▶ [Work to complete] Please reproduce every entry below without omitting a single line.

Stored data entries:
========================
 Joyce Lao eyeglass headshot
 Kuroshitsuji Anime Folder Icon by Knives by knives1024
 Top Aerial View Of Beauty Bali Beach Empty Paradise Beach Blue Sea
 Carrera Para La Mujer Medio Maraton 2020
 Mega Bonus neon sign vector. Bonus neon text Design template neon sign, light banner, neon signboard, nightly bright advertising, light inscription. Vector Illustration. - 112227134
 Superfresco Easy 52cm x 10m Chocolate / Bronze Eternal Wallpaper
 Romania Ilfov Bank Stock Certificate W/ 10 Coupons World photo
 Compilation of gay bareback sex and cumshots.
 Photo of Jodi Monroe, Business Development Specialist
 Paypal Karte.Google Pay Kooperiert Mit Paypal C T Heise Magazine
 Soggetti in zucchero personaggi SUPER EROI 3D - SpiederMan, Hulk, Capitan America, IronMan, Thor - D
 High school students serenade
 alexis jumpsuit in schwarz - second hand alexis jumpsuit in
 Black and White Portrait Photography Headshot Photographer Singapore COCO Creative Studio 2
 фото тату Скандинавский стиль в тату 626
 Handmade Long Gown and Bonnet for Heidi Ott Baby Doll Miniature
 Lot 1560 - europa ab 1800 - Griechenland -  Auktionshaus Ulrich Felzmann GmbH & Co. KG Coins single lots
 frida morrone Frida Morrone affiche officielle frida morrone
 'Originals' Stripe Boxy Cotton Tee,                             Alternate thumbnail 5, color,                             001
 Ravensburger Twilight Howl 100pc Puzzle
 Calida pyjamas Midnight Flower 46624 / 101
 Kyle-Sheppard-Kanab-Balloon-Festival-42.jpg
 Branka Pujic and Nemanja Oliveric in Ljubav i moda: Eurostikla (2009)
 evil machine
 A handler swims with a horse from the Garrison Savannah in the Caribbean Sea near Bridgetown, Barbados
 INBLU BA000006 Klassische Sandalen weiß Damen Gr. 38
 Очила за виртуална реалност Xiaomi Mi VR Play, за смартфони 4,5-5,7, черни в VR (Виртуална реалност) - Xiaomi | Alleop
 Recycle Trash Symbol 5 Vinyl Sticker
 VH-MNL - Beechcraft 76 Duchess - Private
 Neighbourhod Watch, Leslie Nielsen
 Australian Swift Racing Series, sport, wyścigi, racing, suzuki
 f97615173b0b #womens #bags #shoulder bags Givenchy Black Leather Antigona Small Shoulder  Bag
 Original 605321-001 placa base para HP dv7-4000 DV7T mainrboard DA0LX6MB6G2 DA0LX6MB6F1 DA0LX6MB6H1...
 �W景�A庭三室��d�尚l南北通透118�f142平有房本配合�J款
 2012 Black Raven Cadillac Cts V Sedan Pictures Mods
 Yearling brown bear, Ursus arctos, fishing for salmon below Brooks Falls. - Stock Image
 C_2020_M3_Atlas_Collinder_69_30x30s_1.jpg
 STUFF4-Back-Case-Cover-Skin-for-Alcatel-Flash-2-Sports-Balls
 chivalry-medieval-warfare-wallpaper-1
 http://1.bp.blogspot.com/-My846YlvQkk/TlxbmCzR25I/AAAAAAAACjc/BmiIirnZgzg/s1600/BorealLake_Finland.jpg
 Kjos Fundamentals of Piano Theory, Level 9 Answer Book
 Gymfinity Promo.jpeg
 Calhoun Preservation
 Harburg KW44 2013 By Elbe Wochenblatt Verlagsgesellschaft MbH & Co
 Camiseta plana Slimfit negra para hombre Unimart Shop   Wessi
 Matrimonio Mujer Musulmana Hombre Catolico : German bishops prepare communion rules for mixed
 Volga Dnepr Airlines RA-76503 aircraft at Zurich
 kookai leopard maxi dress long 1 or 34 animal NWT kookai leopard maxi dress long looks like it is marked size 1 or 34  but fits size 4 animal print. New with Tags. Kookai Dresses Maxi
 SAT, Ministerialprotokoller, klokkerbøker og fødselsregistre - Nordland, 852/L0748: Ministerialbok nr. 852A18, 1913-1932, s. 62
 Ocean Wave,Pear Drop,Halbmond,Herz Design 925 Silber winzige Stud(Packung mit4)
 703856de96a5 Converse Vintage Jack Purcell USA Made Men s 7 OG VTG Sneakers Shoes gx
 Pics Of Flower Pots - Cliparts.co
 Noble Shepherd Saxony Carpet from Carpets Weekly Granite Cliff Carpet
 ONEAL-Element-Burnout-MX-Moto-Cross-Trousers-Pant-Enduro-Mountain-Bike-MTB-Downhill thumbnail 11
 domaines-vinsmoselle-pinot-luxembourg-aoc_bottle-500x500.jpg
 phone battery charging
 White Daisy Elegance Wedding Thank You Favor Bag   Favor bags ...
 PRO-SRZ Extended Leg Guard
========================
▶ [Exercise output]
 Joyce Lao eyeglass headshot
 Kuroshitsuji Anime Folder Icon by Knives by knives1024
 Top Aerial View Of Beauty Bali Beach Empty Paradise Beach Blue Sea
 Carrera Para La Mujer Medio Maraton 2020
 Mega Bonus neon sign vector. Bonus neon text Design template neon sign, light banner, neon signboard, nightly bright advertising, light inscription. Vector Illustration. - 112227134
 Superfresco Easy 52cm x 10m Chocolate / Bronze Eternal Wallpaper
 Romania Ilfov Bank Stock Certificate W/ 10 Coupons World photo
 Compilation of gay bareback sex and cumshots.
 Photo of Jodi Monroe, Business Development Specialist
 Paypal Karte.Google Pay Kooperiert Mit Paypal C T Heise Magazine
 Soggetti in zucchero personaggi SUPER EROI 3D - SpiederMan, Hulk, Capitan America, IronMan, Thor - D
 High school students serenade
 alexis jumpsuit in schwarz - second hand alexis jumpsuit in
 Black and White Portrait Photography Headshot Photographer Singapore COCO Creative Studio 2
 фото тату Скандинавский стиль в тату 626
 Handmade Long Gown and Bonnet for Heidi Ott Baby Doll Miniature
 Lot 1560 - europa ab 1800 - Griechenland -  Auktionshaus Ulrich Felzmann GmbH & Co. KG Coins single lots
 frida morrone Frida Morrone affiche officielle frida morrone
 'Originals' Stripe Boxy Cotton Tee,                             Alternate thumbnail 5, color,                             001
 Ravensburger Twilight Howl 100pc Puzzle
 Calida pyjamas Midnight Flower 46624 / 101
 Kyle-Sheppard-Kanab-Balloon-Festival-42.jpg
 Branka Pujic and Nemanja Oliveric in Ljubav i moda: Eurostikla (2009)
 evil machine
 A handler swims with a horse from the Garrison Savannah in the Caribbean Sea near Bridgetown, Barbados
 INBLU BA000006 Klassische Sandalen weiß Damen Gr. 38
 Очила за виртуална реалност Xiaomi Mi VR Play, за смартфони 4,5-5,7, черни в VR (Виртуална реалност) - Xiaomi | Alleop
 Recycle Trash Symbol 5 Vinyl Sticker
 VH-MNL - Beechcraft 76 Duchess - Private
 Neighbourhod Watch, Leslie Nielsen
 Australian Swift Racing Series, sport, wyścigi, racing, suzuki
 f97615173b0b #womens #bags #shoulder bags Givenchy Black Leather Antigona Small Shoulder  Bag
 Original 605321-001 placa base para HP dv7-4000 DV7T mainrboard DA0LX6MB6G2 DA0LX6MB6F1 DA0LX6MB6H1...
 �W景�A庭三室��d�尚l南北通透118�f142平有房本配合�J款
 2012 Black Raven Cadillac Cts V Sedan Pictures Mods
 Yearling brown bear, Ursus arctos, fishing for salmon below Brooks Falls. - Stock Image
 C_2020_M3_Atlas_Collinder_69_30x30s_1.jpg
 STUFF4-Back-Case-Cover-Skin-for-Alcatel-Flash-2-Sports-Balls
 chivalry-medieval-warfare-wallpaper-1
 http://1.bp.blogspot.com/-My846YlvQkk/TlxbmCzR25I/AAAAAAAACjc/BmiIirnZgzg/s1600/BorealLake_Finland.jpg
 Kjos Fundamentals of Piano Theory, Level 9 Answer Book
 Gymfinity Promo.jpeg
 Calhoun Preservation
 Harburg KW44 2013 By Elbe Wochenblatt Verlagsgesellschaft MbH & Co
 Camiseta plana Slimfit negra para hombre Unimart Shop   Wessi
 Matrimonio Mujer Musulmana Hombre Catolico : German bishops prepare communion rules for mixed
 Volga Dnepr Airlines RA-76503 aircraft at Zurich
 kookai leopard maxi dress long 1 or 34 animal NWT kookai leopard maxi dress long looks like it is marked size 1 or 34  but fits size 4 animal print. New with Tags. Kookai Dresses Maxi
 SAT, Ministerialprotokoller, klokkerbøker og fødselsregistre - Nordland, 852/L0748: Ministerialbok nr. 852A18, 1913-1932, s. 62
 Ocean Wave,Pear Drop,Halbmond,Herz Design 925 Silber winzige Stud(Packung mit4)
 703856de96a5 Converse Vintage Jack Purcell USA Made Men s 7 OG VTG Sneakers Shoes gx
 Pics Of Flower Pots - Cliparts.co
 Noble Shepherd Saxony Carpet from Carpets Weekly Granite Cliff Carpet
 ONEAL-Element-Burnout-MX-Moto-Cross-Trousers-Pant-Enduro-Mountain-Bike-MTB-Downhill thumbnail 11
 domaines-vinsmoselle-pinot-luxembourg-aoc_bottle-500x500.jpg
 phone battery charging
 White Daisy Elegance Wedding Thank You Favor Bag   Favor bags ...
 PRO-SRZ Extended Leg Guard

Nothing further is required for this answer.